- Thummalapalle Location in Telangana, India Thummalapalle Thummalapalle (India)
- Coordinates: 17°34′55″N 77°50′10″E﻿ / ﻿17.582040°N 77.836134°E
- Country: India
- State: Telangana
- District: Vikarabad
- Mandal: Marpalle
- Elevation: 571 m (1,873 ft)

Population (2011)
- • Total: 1,426

Languages
- • Official: Telugu
- Time zone: UTC+5:30 (IST)
- PIN: 501202
- Telephone code: 08416
- Vehicle registration: TS-34
- Nearest city: Sangareddy
- Sex ratio: 1:.975 ♂/♀
- Literacy: 48.24 %
- Lok Sabha constituency: Chevella
- Vidhan Sabha constituency: Vikarabad
- Climate: Normal (Köppen)
- Website: telangana.gov.in

= Thummalapalle, Vikarabad district =

Thummalapalle is a village (Thummalapalle, Gram panchayat) in Marpalle mandal, Vikarabad district, Telangana state, India. Nearly 48.24% of population is literate

==History==
Thummalapalle village got its name from the presence of the Babul Trees in abundance. Babul Trees Known for its medicinal benefits and it is extensively used as a browse, timber and firewood species. The bark and seeds are used as a source of tannins. The species is also used for medicinal purposes. This village was once a small site for a group of inhabitants.
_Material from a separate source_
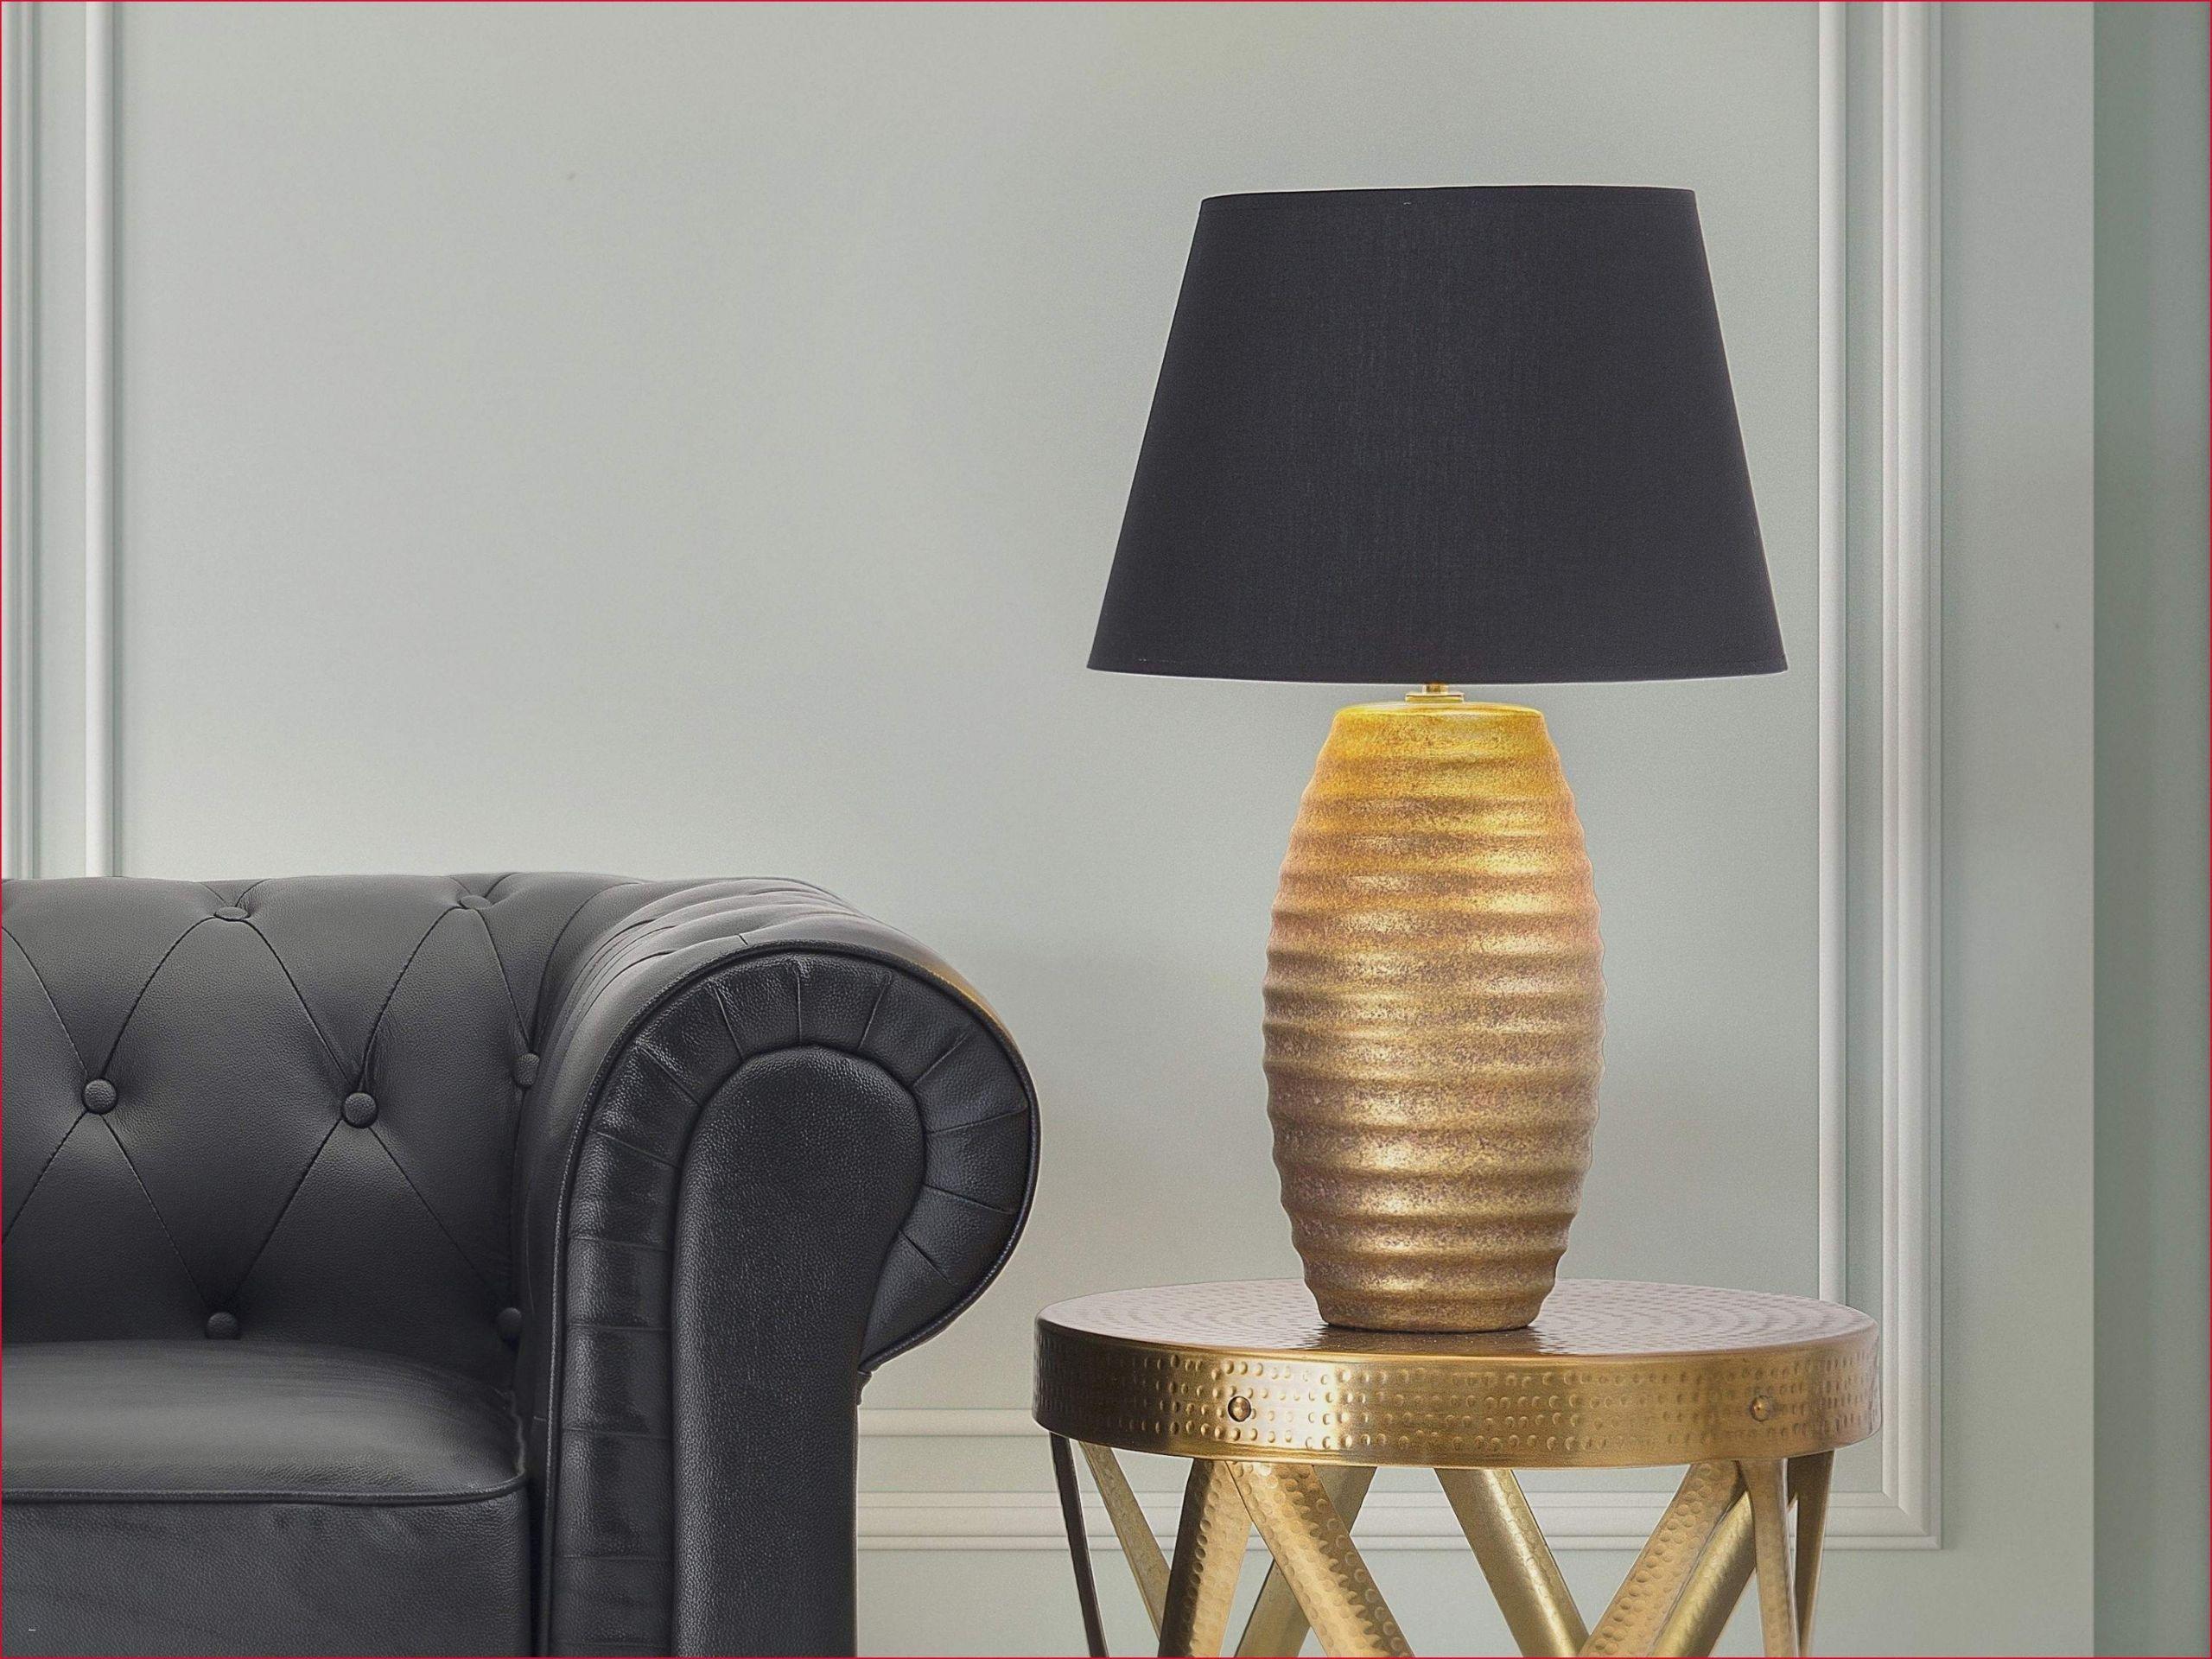 led leuchten wohnzimmer schon schon licht lampe sammlung von lampe idee lampe ideen of led leuchten wohnzimmer
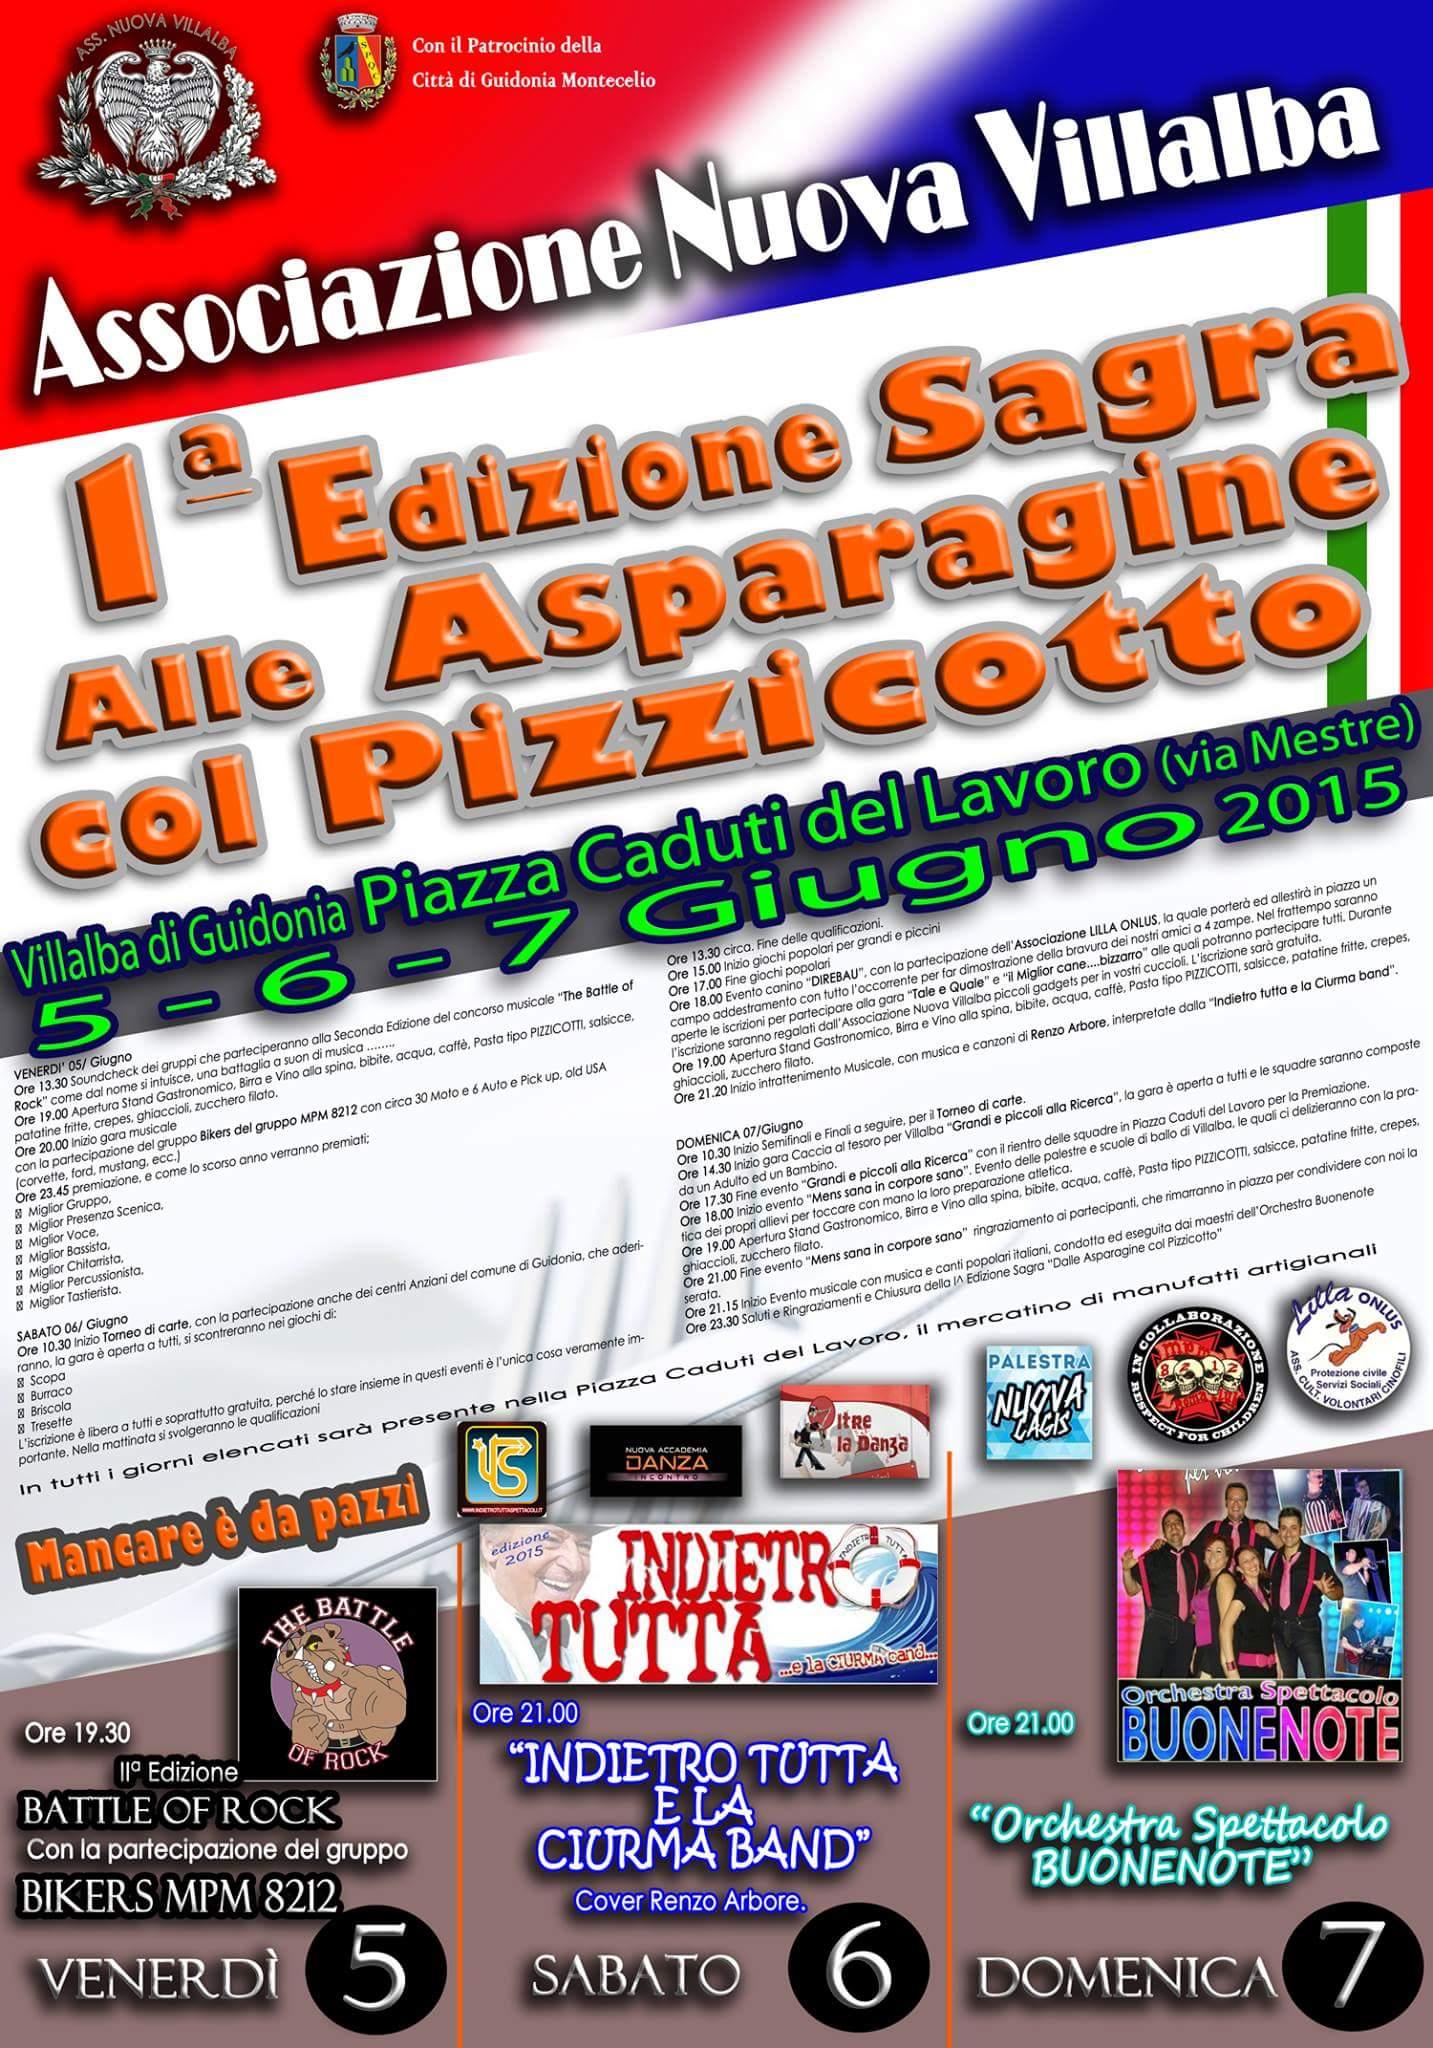 I sagra asparagine col pizzicotto, dal 5 al 7 giugno 2015 a Guidonia Montecelio (Rm) thumbnail

The Lord Parameshwara Temple, Seventh Day Adventist Church, Mosque (Maseed/Masjid), Oorudamma, Durgamma, Pochamma, Bhulaxmamma, Maktha Bayi Ellamma and Hanuman Temples are some of the religious places in the village.

==Demographics==
The boundaries are Bilkal and Gundlamarpalle to the east, Dargulpalle to the west, Komshetpalle to the north and Narsapur to the south. The village have some water bodies like a lake to its North, a small pond to the west and a water stream in the East.

This village has 331 families residing and the population is approximately 1426 of which 722 are males while 704 are females as per Population Census 2011. There are 1297 voters of which 653 are male and 644 are females as of January 2023. It is a major gram panchayath and there are 8 panchayath wards. Apart from the village population, it has a population of approximately 407 from the hamlet village Dargulpalle.

==Geography==
Thummalapalle is located at . It has an average elevation of 571
 metres (1876 ft).

==Distances==
- Distance from various cities (approximately)
- Hyderabad (state capital) - 85 km
- Vikarabad (district HQ) - 37 km
- Sangareddy - 35 km
- Zaheerabad - 40 km

==Facilities==
There is a government school in the village, Mandal Parishad Upper Primary School (since 1966), Anganwadi Center (Pre-School).
The village has a PHC sub center, post office and a water tank.

==Transportation==
Thummalapalle is connected to the rest of the state and other districts by road. The Telangana State Road Transport Corporation runs a bus in the village. Thummalapalle has a bus station. The yellow colored auto rickshaw is the most widely used transport service and has a minimum fare of ₹ 20 to Mandal and ₹ 80 to Vikarabad.

==Economy==
Thummalapalle's economy is predominantly agricultural with several traditional village industries. Agriculture is the main occupation. The main agricultural products of the village are Cotton, Bengal Gram, jowar, red gram, green gram, black gram, Corn and some vegetables.

==People==

There are people from different religions - Hindu, Christian and Muslims. The famous festivals are Dasara, Bathukamma, Deepavali, Sankranti, Christmas, Ramzan, 26 January and 15 August.